Exercise data:
== Segment start ==

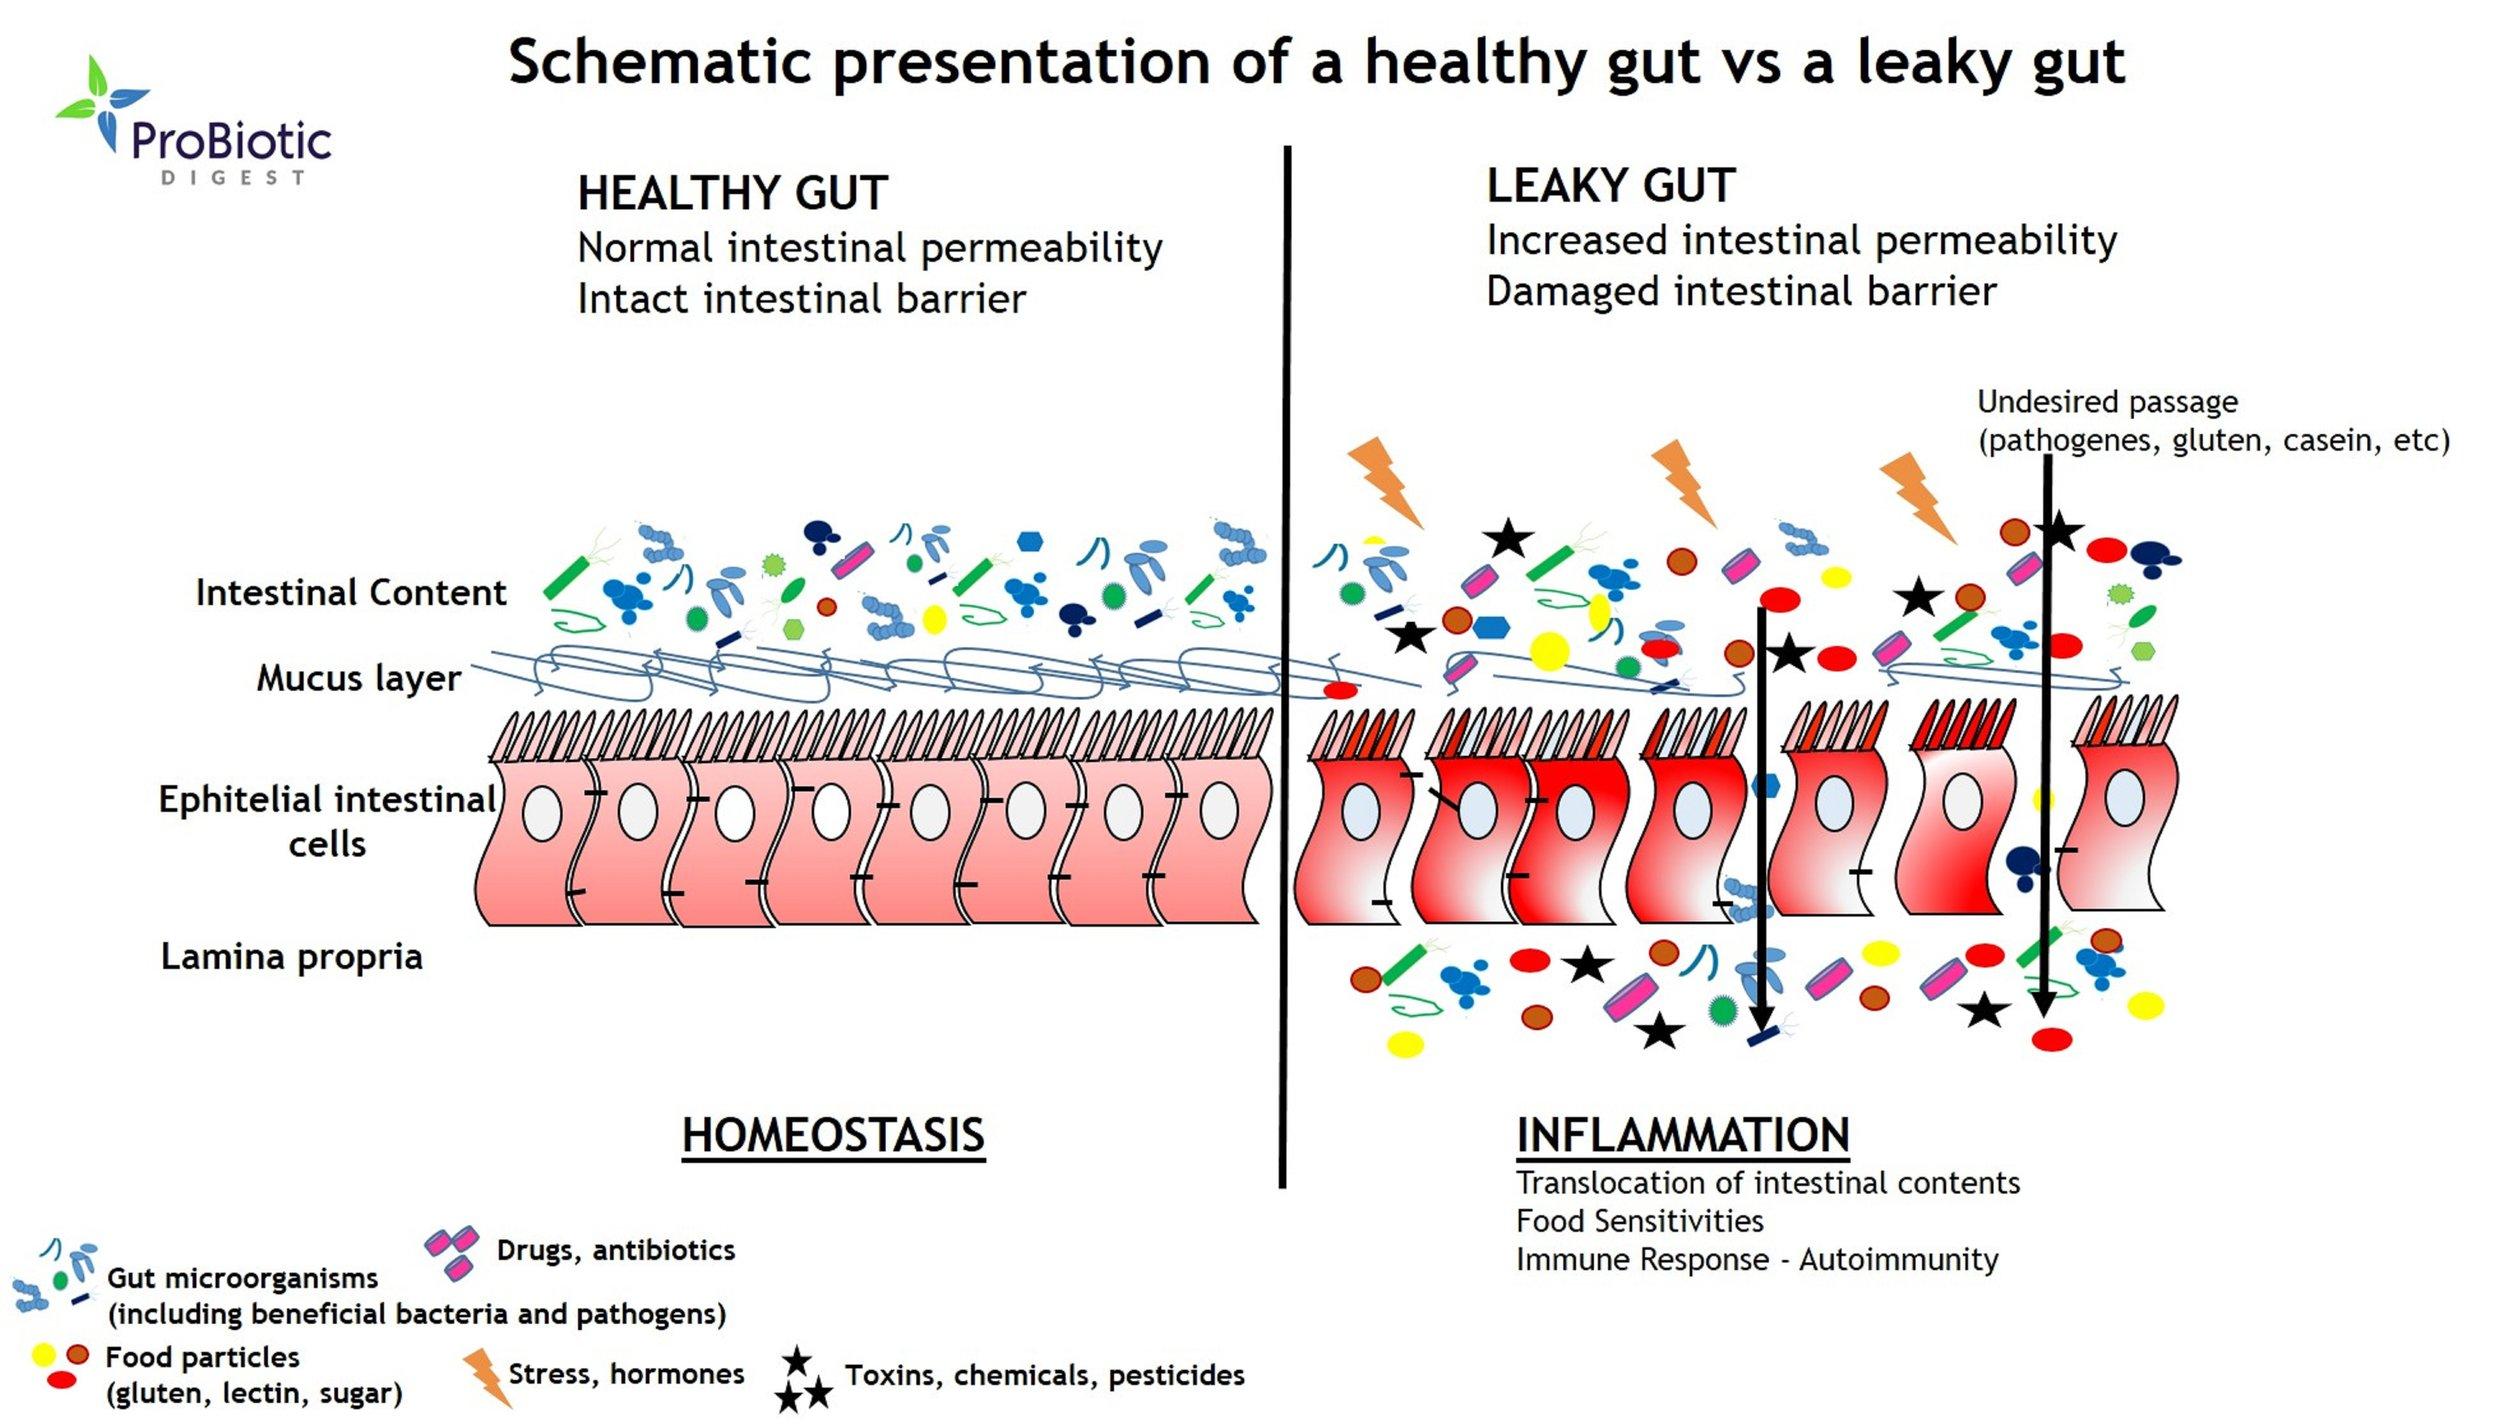 Source: Probiotic Digest
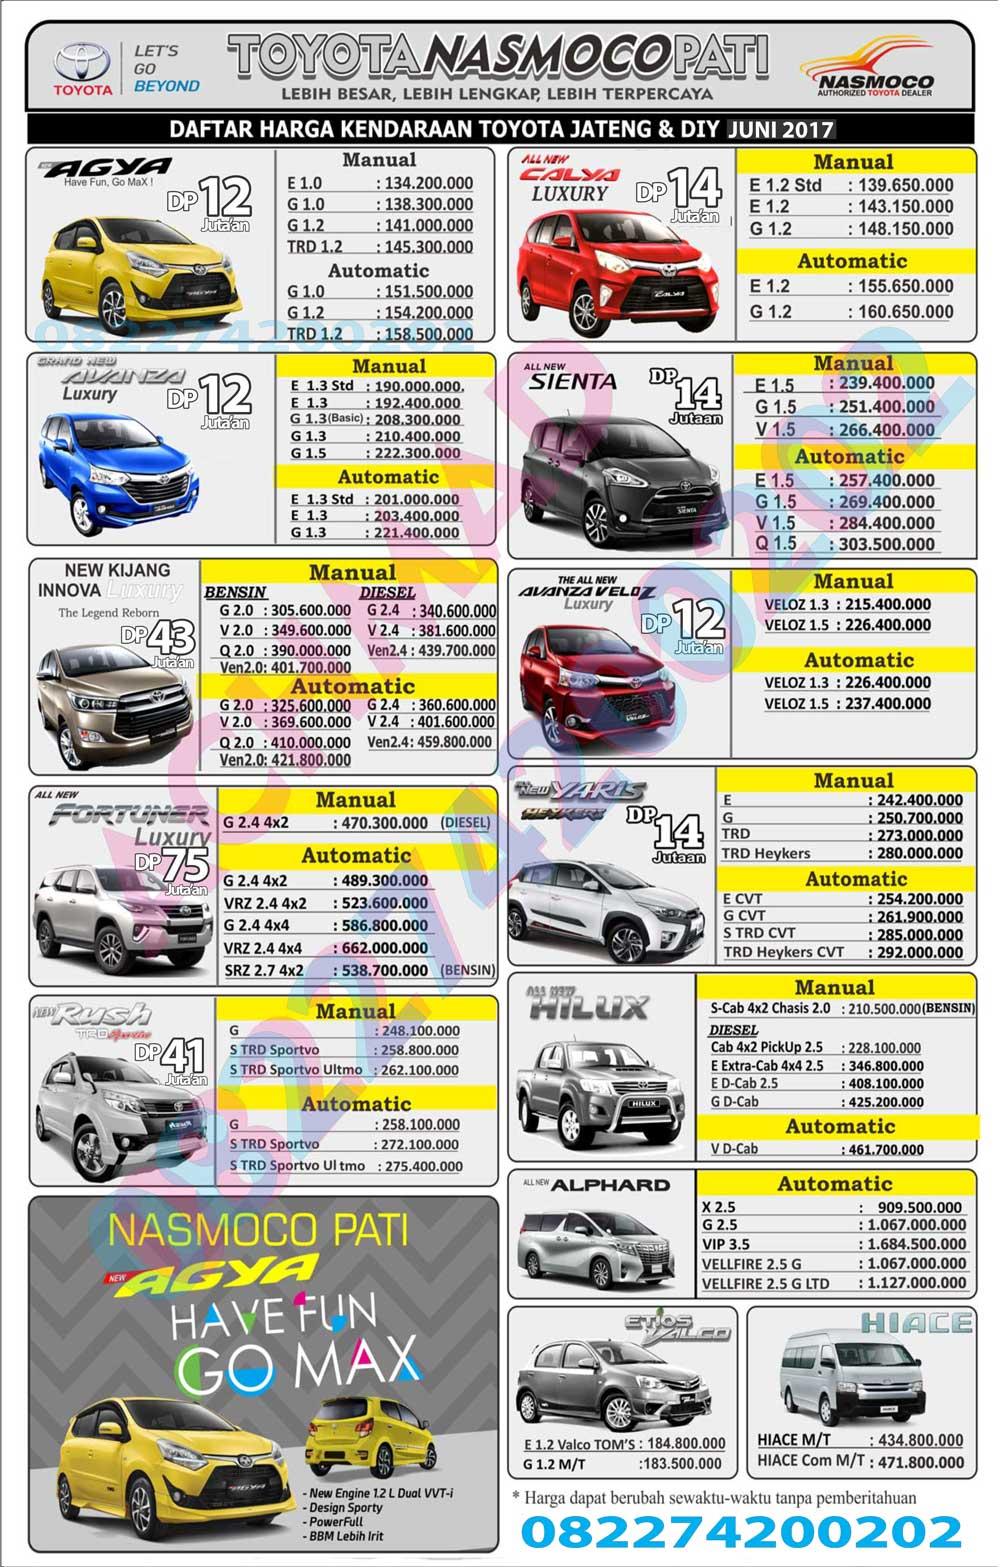 Kekurangan Harga Toyota Tangguh
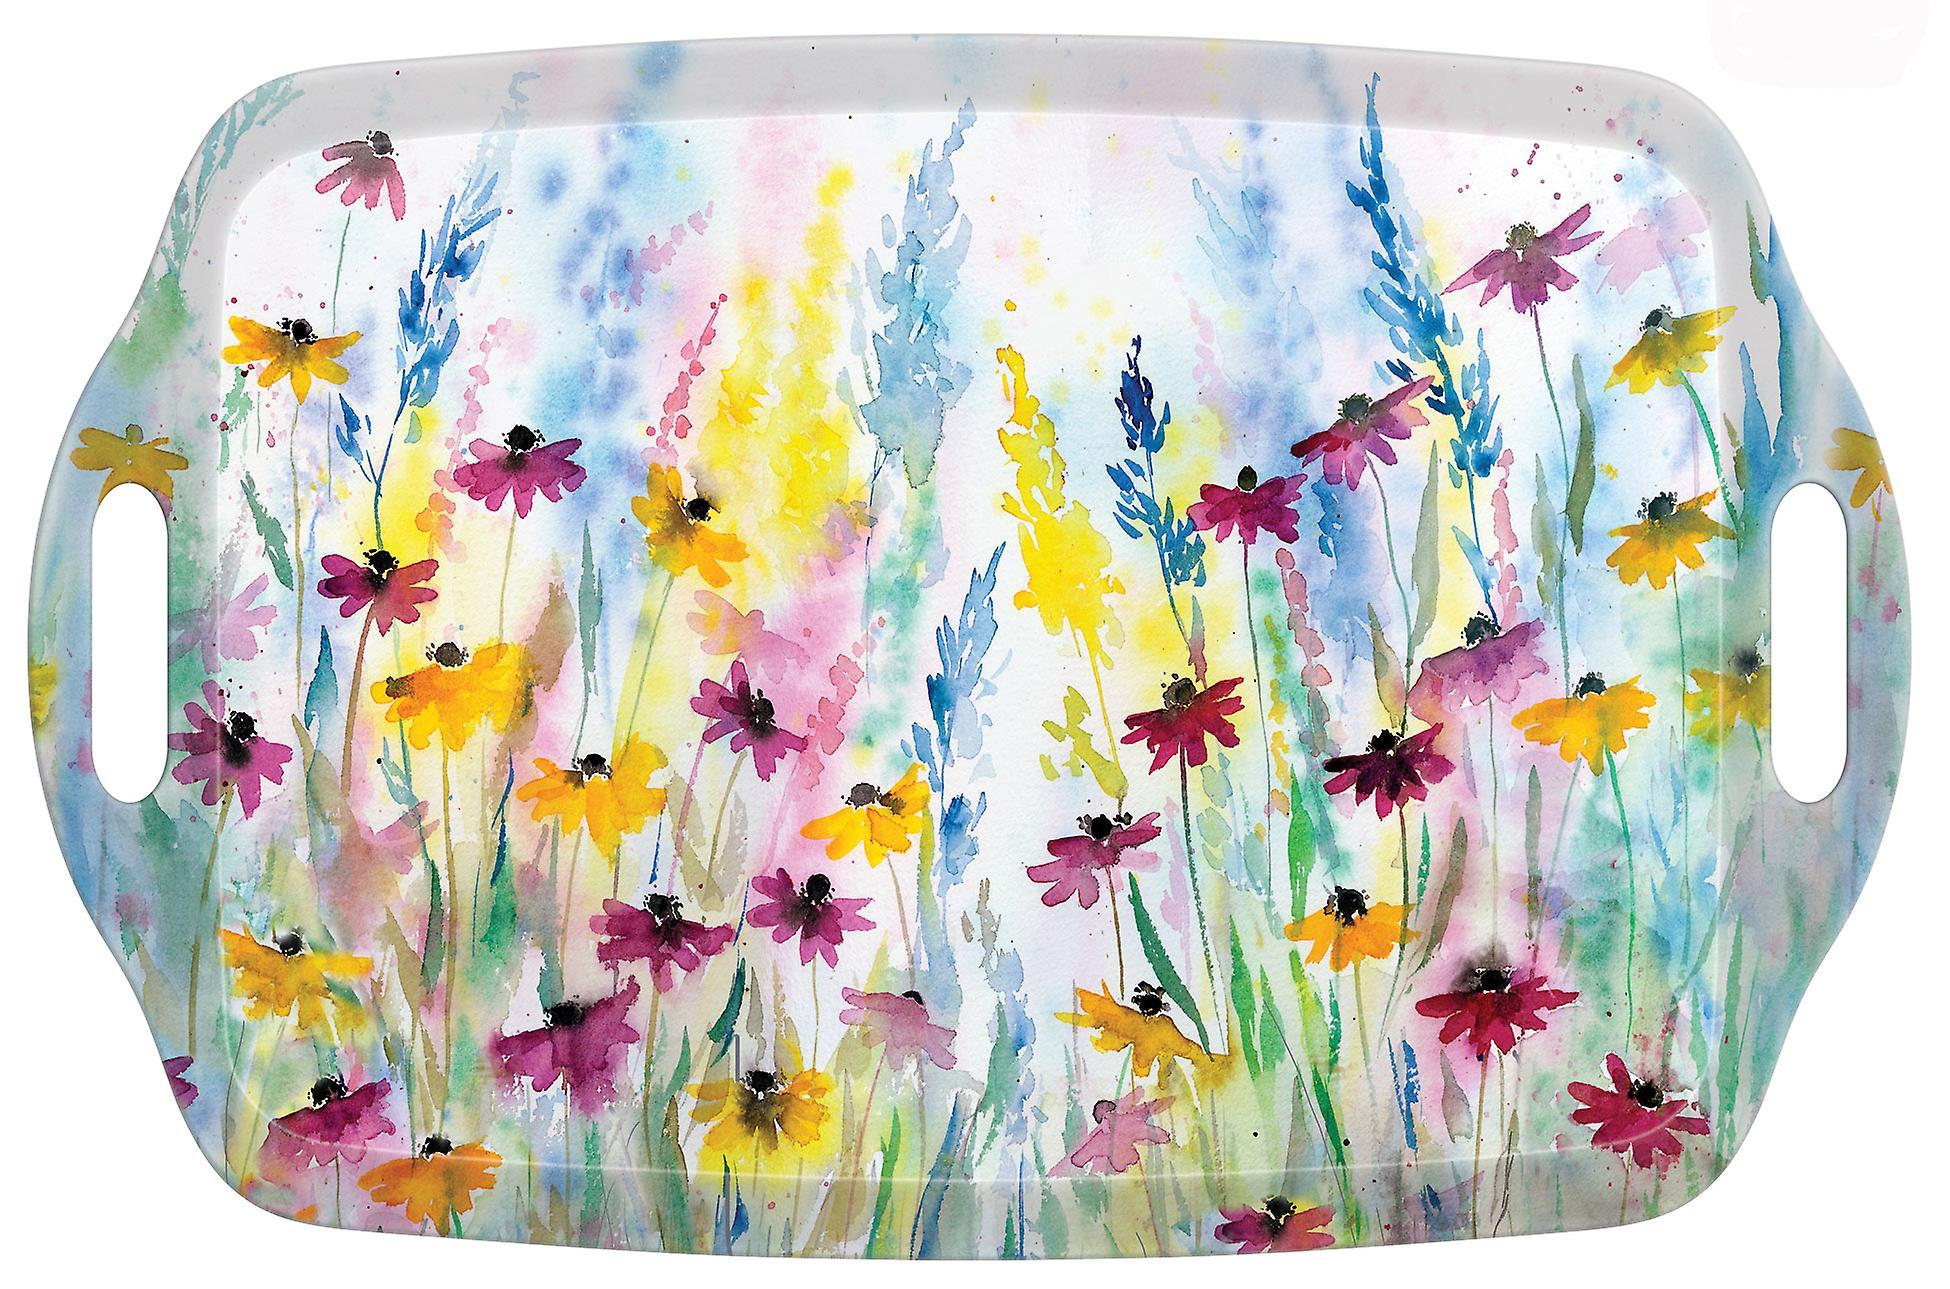 I Style Daisy Field Large Tea Tray with Handles, 48 x 31cm

== Segment end ==

What to produce: Print, exactly and only, the lines running from the line with "Kekurangan Harga Toyota Tangguh" through the last line of the data, including both. Skip any picture.

Solution to this task:
 Kekurangan Harga Toyota Tangguh
 I Style Daisy Field Large Tea Tray with Handles, 48 x 31cm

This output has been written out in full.